I'm not sure. Chong faces a challenge almost unknown in Canadian parliamentary politics in, oh, say the last century or so.  He has a bill in play, but he's a backbencher, not a leader.  He can't just say, here's my bill,  and know -- as a party leader does -- that all his flunkies will vote for it and all the others guys' flunkies will vote against it. As a backbencher proposing a motion in a house where backbenchers of all parties say they may or may not support it, irrespective of what their leaders want, he actually needs to put together enough votes to get his bill through. Doing a little trading in the lobby may be an essential aspect.  This is how parliamentary politics is done when the whip is restrained.

In the fuhrerprinzep (definition here) politics we live with in Canada, this is unheard of. Leaders are expected to dictate and to win; negotiating anything is a sign of weakness or capitulation. Chong, however, may be calculating it is better to get his bill through than not to. Tweaking his bill to provide what the largest number of MPs will support may be what he has to do.
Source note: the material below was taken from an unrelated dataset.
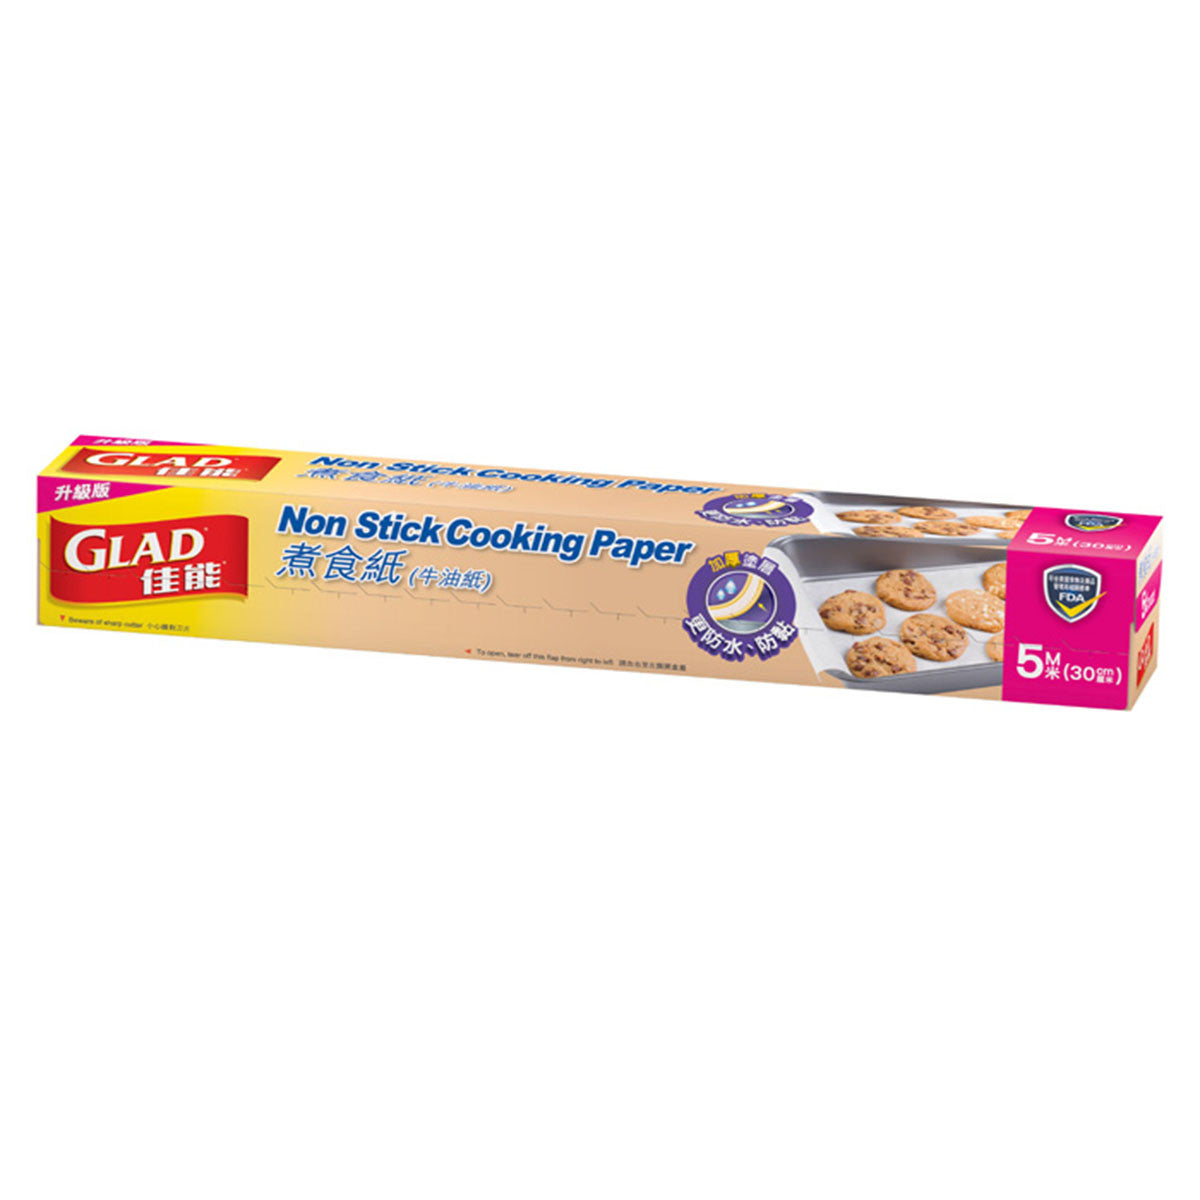 Baking Paper in Roll - Non stick cooking paper

Is there anything of value left in his Reform Bill?  Wherry's summary of the changes suggests Chong is putting less and less into the legislated rules on leadership powers, leaving more and more to the will of parties and party caucuses. That looks like compromise. Since Canadians assume caucuses always bend, indeed must and should bend, to their leaders' will, we assume only legally binding blackletter rules will change parliament.

Chong may be calculating that if the attitudes and behaviours of MPs and caucuses change, then everything changes. If a majority of MPs pass a bill that says they have the right to do whatever they want to in caucus, maybe some of them will actually believe it -- and start to act on it.  If they don't, all the legislated rules won't make any difference anyway. If caucuses did start asserting that leaders are members of caucus and subject to caucus discipline like other members, legislated curbs on out-of-control leaders (the kind the original Reform Bill draft provided) would hardly be necessary.

If MPs are just looking for a face saving way to surrender to the bosses, these changes will provide for that. That's not unlikely. But if they are accepting that if MPs want to take control of their caucuses and legislatures, they just have the powers already, Chong could yet have a stealth victory.


Monday, June 02, 2014

Reform Act: fun while it lasted


Judging by Aaron Wherry's report, Michael Chong's effort to put some parliamentary democracy back into Canada's "parliamentary" "democracy" seem to have pretty much run its course.

The act's high thresholds, onerous conditions, and low payoffs -- dismiss the failed leader, you still don't have any say in the next one -- have already sucked most of the life out of the Reform Act.   But if the first hour of debate on it, with talks of coups and mutinies, seems to suggest it's hardly worth the trouble. When Wherry finds it "inconceivable" that MPs could have any meaningful role in leadership selection, he demonstrates again how narrow is the range of things the Canadian political class can conceive of.  But no doubt he's attuned to the parliament he covers.

Chong's Act is scheduled to get another hour's discussion, probably in the fall.